== Required action ==
Take the data below and copy exactly the lines starting at the one with "ICO Learn Arabic" and finishing at the one with "Premium Plain 100%", both included.

== Source records ==
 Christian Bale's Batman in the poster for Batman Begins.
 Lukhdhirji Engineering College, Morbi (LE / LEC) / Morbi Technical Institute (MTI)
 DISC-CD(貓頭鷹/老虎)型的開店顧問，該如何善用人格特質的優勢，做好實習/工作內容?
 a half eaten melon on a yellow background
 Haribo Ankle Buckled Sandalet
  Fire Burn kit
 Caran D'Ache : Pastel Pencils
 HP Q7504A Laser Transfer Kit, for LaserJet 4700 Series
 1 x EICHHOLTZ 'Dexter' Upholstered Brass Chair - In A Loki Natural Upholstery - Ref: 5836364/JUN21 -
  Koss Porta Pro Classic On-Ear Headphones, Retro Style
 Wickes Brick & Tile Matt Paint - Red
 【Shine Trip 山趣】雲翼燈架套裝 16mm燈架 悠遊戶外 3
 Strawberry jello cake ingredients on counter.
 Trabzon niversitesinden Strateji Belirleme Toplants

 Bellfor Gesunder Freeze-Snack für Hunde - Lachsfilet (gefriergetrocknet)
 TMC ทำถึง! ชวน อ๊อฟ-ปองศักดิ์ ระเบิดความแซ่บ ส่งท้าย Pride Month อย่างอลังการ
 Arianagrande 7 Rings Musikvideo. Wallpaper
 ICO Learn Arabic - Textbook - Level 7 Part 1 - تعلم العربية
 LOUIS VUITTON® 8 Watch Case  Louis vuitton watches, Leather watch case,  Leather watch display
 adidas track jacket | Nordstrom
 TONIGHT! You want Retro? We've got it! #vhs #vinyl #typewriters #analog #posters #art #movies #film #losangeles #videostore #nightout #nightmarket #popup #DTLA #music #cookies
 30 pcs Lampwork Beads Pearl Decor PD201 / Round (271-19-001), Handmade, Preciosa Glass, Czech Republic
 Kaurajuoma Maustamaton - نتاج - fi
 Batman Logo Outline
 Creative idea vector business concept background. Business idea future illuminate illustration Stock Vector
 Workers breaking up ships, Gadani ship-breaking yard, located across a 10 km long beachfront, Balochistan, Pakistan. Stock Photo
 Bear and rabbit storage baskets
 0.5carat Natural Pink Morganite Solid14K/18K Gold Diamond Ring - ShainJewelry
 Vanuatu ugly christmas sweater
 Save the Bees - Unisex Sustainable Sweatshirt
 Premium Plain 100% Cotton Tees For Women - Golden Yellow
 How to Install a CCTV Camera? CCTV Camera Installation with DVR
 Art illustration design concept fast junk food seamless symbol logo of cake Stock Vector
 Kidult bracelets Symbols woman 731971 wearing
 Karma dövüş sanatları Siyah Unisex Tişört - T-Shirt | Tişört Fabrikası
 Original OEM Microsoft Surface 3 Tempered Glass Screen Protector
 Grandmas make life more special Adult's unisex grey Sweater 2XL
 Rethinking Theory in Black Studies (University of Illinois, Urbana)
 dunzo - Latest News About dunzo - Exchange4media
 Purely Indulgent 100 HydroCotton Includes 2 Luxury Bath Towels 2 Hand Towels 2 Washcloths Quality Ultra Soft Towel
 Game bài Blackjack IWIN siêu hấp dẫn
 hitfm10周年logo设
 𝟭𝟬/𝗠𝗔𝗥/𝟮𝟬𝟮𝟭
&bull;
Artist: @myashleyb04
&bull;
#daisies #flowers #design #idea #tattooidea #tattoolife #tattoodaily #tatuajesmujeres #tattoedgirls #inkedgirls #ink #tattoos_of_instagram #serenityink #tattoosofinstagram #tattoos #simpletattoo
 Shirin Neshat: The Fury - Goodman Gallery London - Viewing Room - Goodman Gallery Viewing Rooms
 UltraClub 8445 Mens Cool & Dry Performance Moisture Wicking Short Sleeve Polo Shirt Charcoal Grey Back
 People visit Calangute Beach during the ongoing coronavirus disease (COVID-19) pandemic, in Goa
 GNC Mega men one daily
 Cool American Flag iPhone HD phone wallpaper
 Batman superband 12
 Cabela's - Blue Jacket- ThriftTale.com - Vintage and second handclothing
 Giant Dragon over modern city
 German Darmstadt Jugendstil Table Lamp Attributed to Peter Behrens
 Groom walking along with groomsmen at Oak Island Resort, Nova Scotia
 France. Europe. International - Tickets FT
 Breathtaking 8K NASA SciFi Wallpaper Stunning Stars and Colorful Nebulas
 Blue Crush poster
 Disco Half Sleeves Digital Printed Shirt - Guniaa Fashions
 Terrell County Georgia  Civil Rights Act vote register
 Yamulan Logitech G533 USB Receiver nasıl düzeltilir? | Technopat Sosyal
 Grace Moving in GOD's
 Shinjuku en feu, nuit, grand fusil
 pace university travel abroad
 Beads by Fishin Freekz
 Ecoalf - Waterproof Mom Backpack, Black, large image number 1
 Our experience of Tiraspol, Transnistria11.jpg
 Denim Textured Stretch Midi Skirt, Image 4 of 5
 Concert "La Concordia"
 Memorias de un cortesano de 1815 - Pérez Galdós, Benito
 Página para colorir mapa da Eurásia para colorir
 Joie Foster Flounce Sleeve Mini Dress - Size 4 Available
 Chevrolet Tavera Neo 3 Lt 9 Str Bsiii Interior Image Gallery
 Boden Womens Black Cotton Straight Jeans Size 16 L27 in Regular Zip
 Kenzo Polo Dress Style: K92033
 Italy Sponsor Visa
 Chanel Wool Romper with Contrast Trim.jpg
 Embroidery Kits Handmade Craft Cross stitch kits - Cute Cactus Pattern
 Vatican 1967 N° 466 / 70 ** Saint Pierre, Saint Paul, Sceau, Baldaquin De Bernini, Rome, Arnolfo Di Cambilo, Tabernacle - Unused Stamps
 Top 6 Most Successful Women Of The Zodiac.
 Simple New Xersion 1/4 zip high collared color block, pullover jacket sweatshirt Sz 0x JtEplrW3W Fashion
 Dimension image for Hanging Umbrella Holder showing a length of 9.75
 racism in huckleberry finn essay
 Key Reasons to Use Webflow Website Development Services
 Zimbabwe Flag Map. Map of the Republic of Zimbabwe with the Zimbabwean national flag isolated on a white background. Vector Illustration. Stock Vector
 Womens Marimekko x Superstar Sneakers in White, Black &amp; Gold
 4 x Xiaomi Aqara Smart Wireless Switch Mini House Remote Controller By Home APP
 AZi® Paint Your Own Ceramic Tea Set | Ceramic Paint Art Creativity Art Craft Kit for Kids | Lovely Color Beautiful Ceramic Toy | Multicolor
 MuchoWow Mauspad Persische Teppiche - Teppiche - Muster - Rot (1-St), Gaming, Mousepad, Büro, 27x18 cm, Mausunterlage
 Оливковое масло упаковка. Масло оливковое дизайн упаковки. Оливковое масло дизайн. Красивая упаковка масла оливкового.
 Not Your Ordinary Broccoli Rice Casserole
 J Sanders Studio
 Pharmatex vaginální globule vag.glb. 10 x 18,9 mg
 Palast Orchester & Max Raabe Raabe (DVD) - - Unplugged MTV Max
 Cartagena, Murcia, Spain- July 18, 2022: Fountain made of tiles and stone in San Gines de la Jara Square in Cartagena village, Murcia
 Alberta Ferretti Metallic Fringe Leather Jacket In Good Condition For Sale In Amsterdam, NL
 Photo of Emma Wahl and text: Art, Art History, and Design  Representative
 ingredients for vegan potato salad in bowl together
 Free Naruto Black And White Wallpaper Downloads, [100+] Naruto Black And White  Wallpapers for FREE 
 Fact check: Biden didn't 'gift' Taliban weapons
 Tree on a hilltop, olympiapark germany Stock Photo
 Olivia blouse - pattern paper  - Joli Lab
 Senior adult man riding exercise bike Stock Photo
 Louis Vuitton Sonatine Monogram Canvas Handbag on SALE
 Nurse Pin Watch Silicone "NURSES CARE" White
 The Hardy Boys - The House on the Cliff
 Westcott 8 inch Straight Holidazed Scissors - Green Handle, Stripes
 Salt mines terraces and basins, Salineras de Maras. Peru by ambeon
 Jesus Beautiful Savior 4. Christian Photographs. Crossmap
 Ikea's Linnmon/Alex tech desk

== Exercise result ==
 ICO Learn Arabic - Textbook - Level 7 Part 1 - تعلم العربية
 LOUIS VUITTON® 8 Watch Case  Louis vuitton watches, Leather watch case,  Leather watch display
 adidas track jacket | Nordstrom
 TONIGHT! You want Retro? We've got it! #vhs #vinyl #typewriters #analog #posters #art #movies #film #losangeles #videostore #nightout #nightmarket #popup #DTLA #music #cookies
 30 pcs Lampwork Beads Pearl Decor PD201 / Round (271-19-001), Handmade, Preciosa Glass, Czech Republic
 Kaurajuoma Maustamaton - نتاج - fi
 Batman Logo Outline
 Creative idea vector business concept background. Business idea future illuminate illustration Stock Vector
 Workers breaking up ships, Gadani ship-breaking yard, located across a 10 km long beachfront, Balochistan, Pakistan. Stock Photo
 Bear and rabbit storage baskets
 0.5carat Natural Pink Morganite Solid14K/18K Gold Diamond Ring - ShainJewelry
 Vanuatu ugly christmas sweater
 Save the Bees - Unisex Sustainable Sweatshirt
 Premium Plain 100% Cotton Tees For Women - Golden Yellow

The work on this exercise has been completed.